Alerte Géopolitique : Face aux menaces de Trump contre Oman, le général Saïd Chengriha débarque à Mascate – Une alliance militaire secrète en préparation ?

Le monde retient son souffle alors qu’une onde de choc diplomatique et militaire vient de secouer la région du Golfe, résonnant directement jusqu’en Afrique du Nord. À la suite de déclarations incendiaires et de menaces explicites proférées par Donald Trump à l’encontre du Sultanat d’Oman, exigeant de Mascate un alignement strict sous peine de représailles majeures concernant le dossier iranien et la surveillance du détroit d’Ormuz, un événement d’une gravité exceptionnelle est venu bouleverser l’échiquier international. Moins de 72 heures après ces intimidations de Washington, le général d’armée Saïd Chengriha, chef d’état-major de l’Armée nationale populaire algérienne, a entamé une visite officielle d’urgence à Mascate, répondant à l’invitation de son homologue omanais.
Cette arrivée soudaine du plus haut responsable militaire algérien sur l’un des points de passage maritimes les plus sensibles et stratégiques de la planète soulève d’immenses interrogations. Si les communiqués officiels des deux nations évoquent prudemment le renforcement de la coopération militaire bilatérale et l’échange d’expertises, la réalité politique se lit entre les lignes et surtout à travers un timing d’une précision chirurgicale. L’Algérie, puissance souveraine majeure et acteur incontournable du marché de l’énergie, est-elle en train de défier ouvertement la politique de pression américaine dans le Golfe ?
Pour comprendre l’extrême gravité de la situation, il faut analyser la nature même du détroit d’Ormuz. Cette voie navigable n’est pas une simple frontière sur une carte ; elle représente le poumon économique mondial par où transitent le pétrole, le gaz et les flux logistiques qui alimentent l’Europe et l’Asie. Toute étincelle dans cette zone provoque immédiatement une flambée des prix des matières premières et déstabilise les budgets des superpuissances. En menaçant Oman, un État traditionnellement caractérisé par sa diplomatie calme, sa neutralité et son rôle historique de médiateur de l’ombre entre Téhéran et l’Occident, Washington tente de forcer un alignement aveugle et de supprimer la marge de manœuvre des pays non alignés.

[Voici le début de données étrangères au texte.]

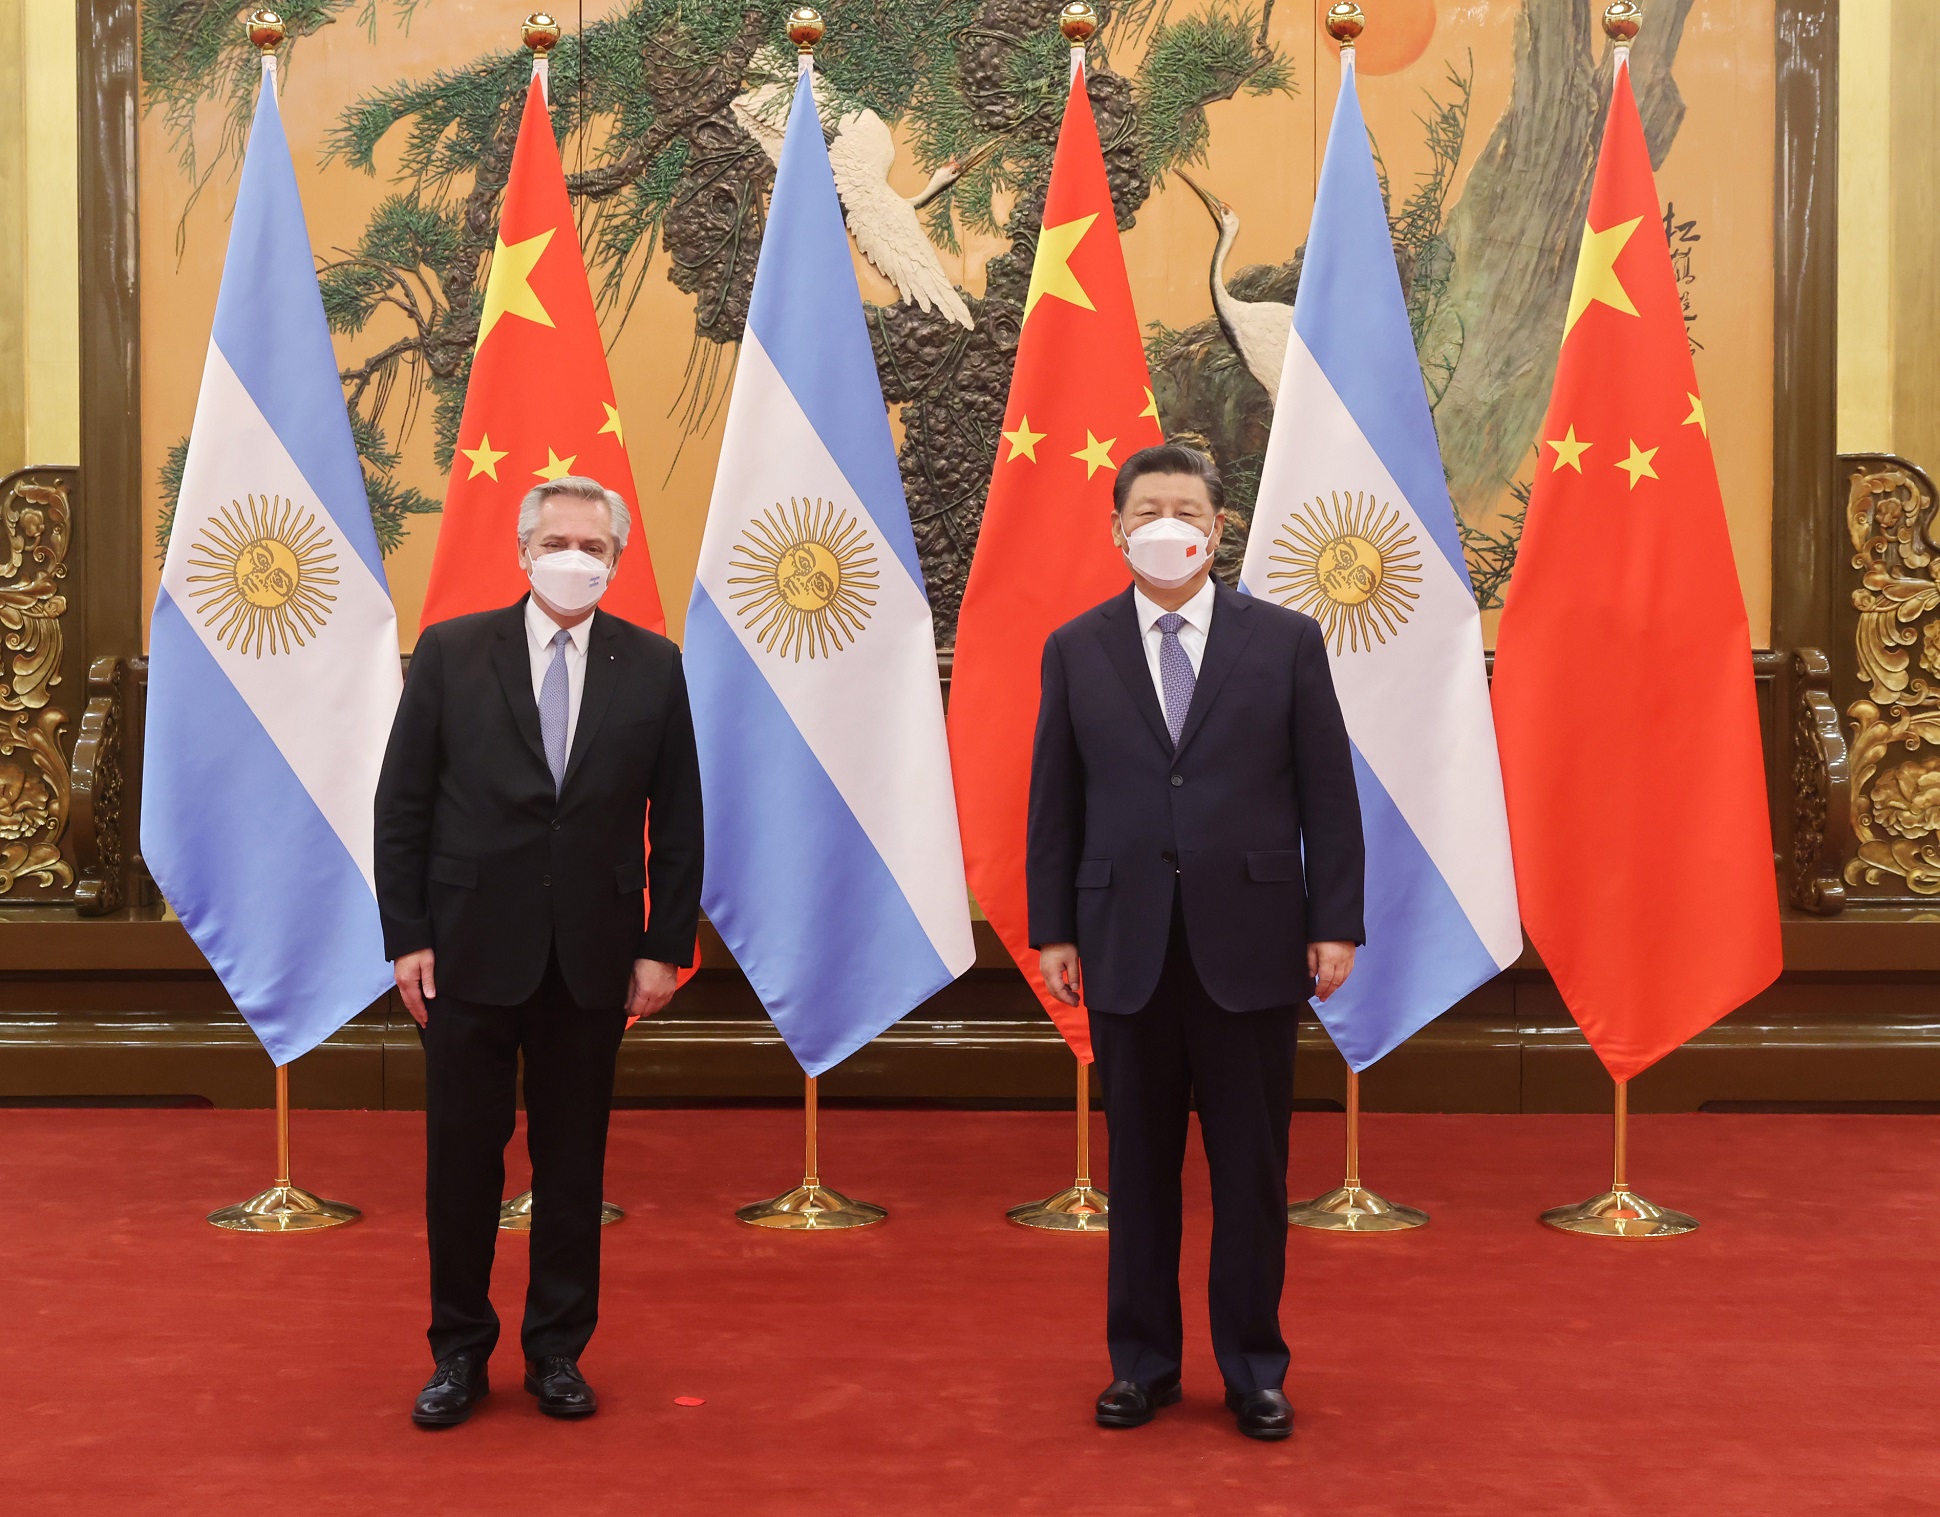 El presidente Alberto Fernández se reunió con Xi Jinping en el Gran Palacio del Pueblo y acordaron la incorporación de la Argentina a la Franja y la Ruta de la Seda 
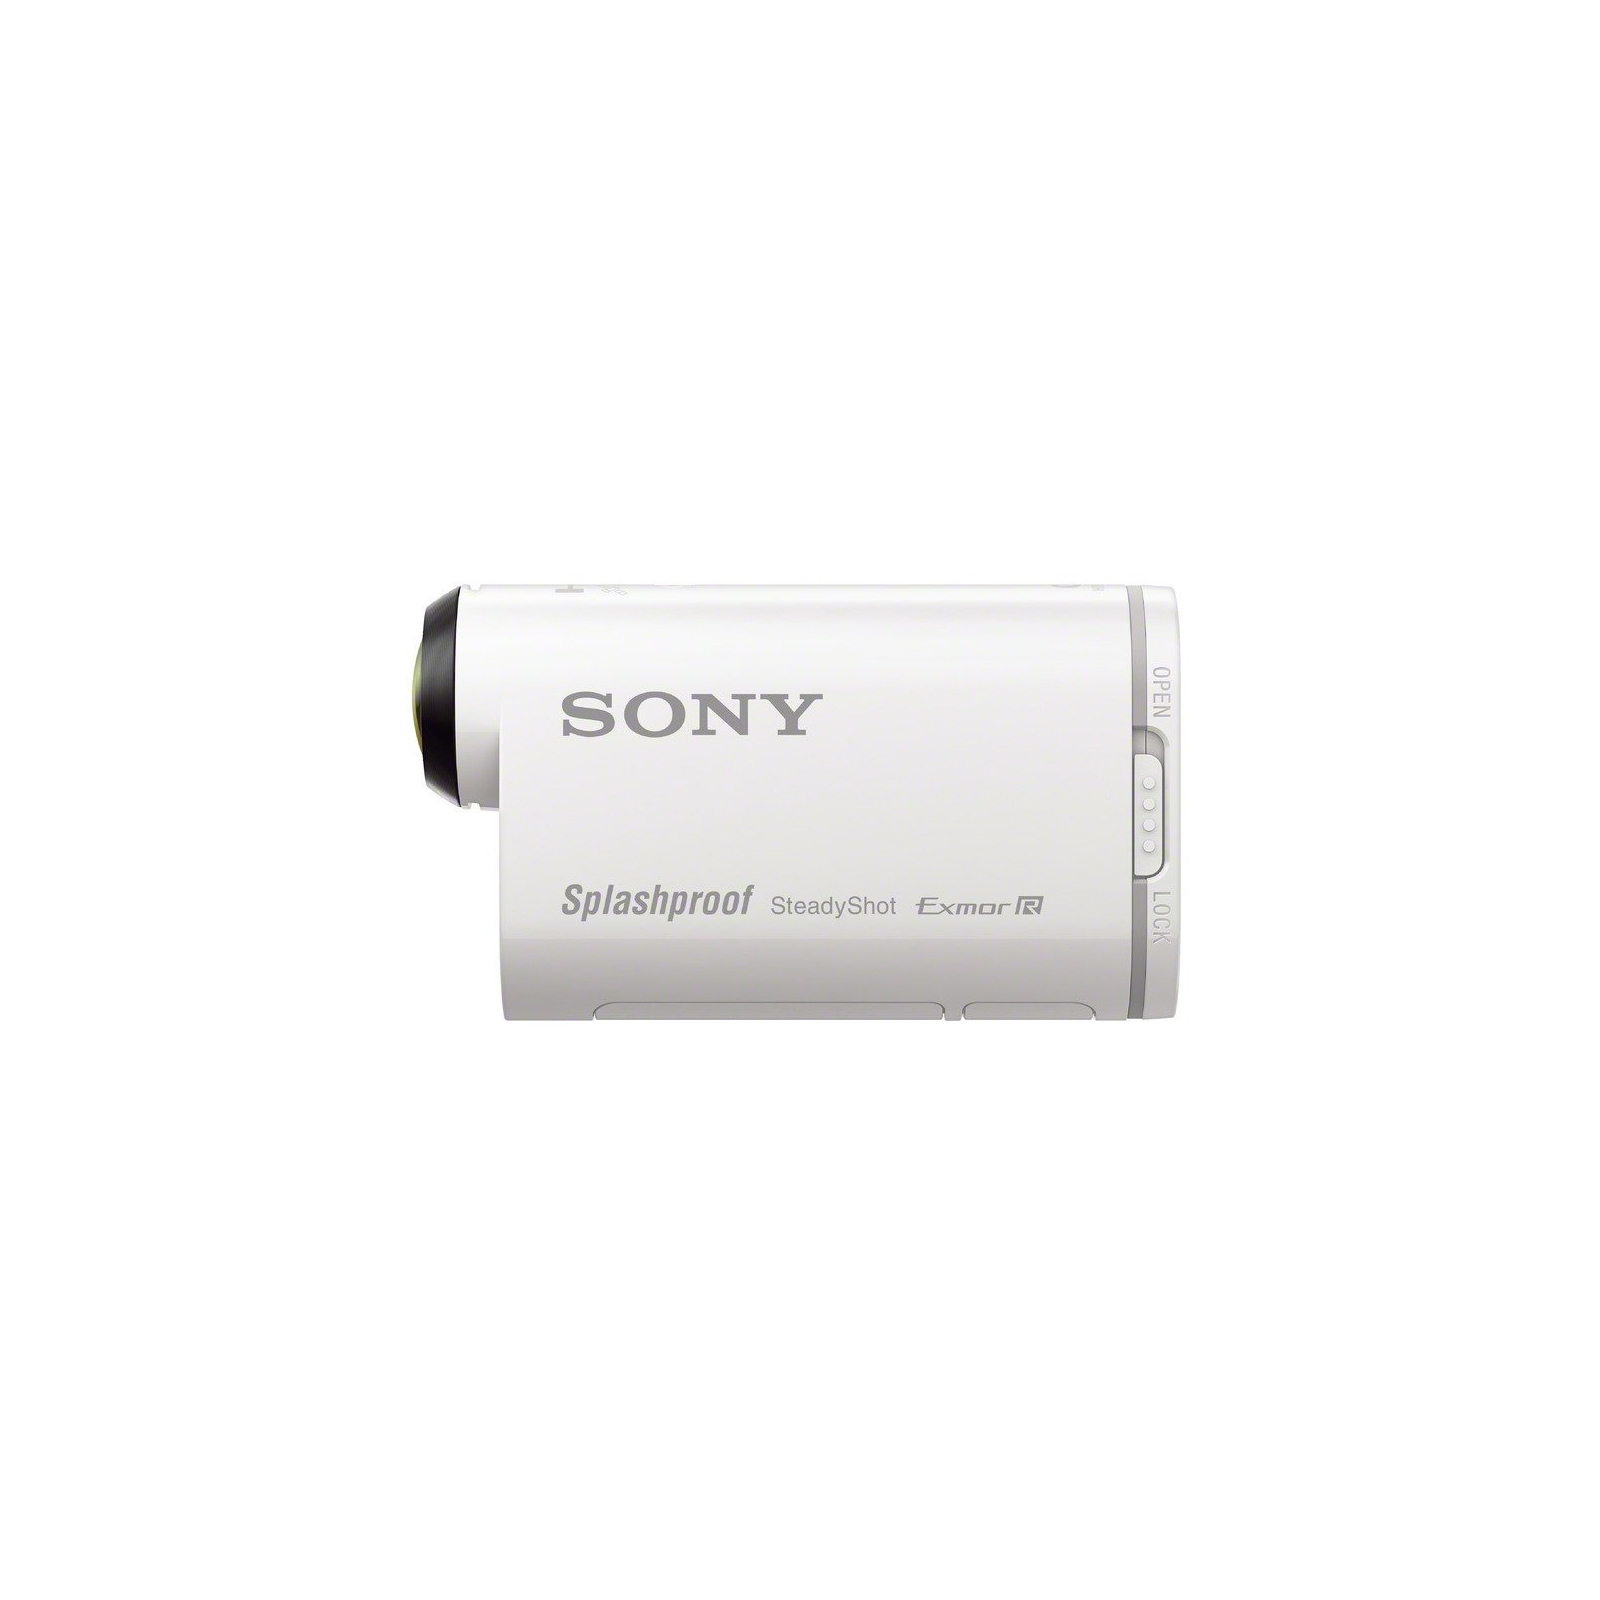 Экшн-камера Sony HDR-AS200V с пультом д/у RM-LVR2 (HDRAS200VR.AU2) изображение 2

C’est précisément ici que l’axe Alger-Mascate prend une dimension hautement stratégique et hautement explosive. Bien que l’Algérie soit géographiquement éloignée du Golfe, sa doctrine militaire et ses intérêts nationaux la lient intimement à la stabilité de ces marchés. Ce rapprochement de haute sécurité n’est pas le fruit du hasard, mais l’aboutissement d’une dynamique enclenchée par la visite du président Abdelmadjid Tebboune en Oman en octobre 2024, suivie par celle du Sultan Haitham bin Tariq en Algérie en mai 2025. Le passage d’accords économiques et énergétiques à une alliance militaire concrète marque une transition critique : les deux nations testent désormais la profondeur de leur résilience commune face aux pressions extérieures.

Les analystes internationaux envisagent plusieurs scénarios hautement confidentiels derrière cette visite de Chengriha. Le premier est celui d’une solidarité souveraine absolue, affichant clairement que le Sultanat d’Oman n’est pas isolé face aux menaces américaines, brisant ainsi la stratégie d’isolement psychologique imposée par Trump. Le second scénario démontre la volonté de l’Algérie d’obtenir une lecture directe et militaire de la crise à la source, afin de prémunir ses propres exportations énergétiques mondiales contre un blocage imminent du détroit. Enfin, le troisième scénario, le plus audacieux, confirme le rejet total par Alger et Mascate de la bipolarisation du monde, refusant de céder aux menaces de sanctions pour tracer une troisième voie diplomatique et défensive totalement indépendante.
L’implication de l’institution militaire algérienne dans les affaires de sécurité du Golfe marque un tournant historique qui pourrait perturber les plans de plusieurs puissances occidentales et régionales cherchant à vassaliser les États arabes. En refusant de laisser le Sultanat d’Oman devenir une arène ouverte aux pressions unilatérales de Washington, l’Algérie pose ses pions en tant que force d’équilibre et de stabilisation globale. Les discussions actuelles à Mascate concernant la sécurité maritime et la coordination défensive de haut niveau pourraient bien être les prémices d’un nouvel ordre sécuritaire multipolaire, redéfinissant à long terme les rapports de force entre l’Afrique du Nord, le Moyen-Orient et la Maison Blanche.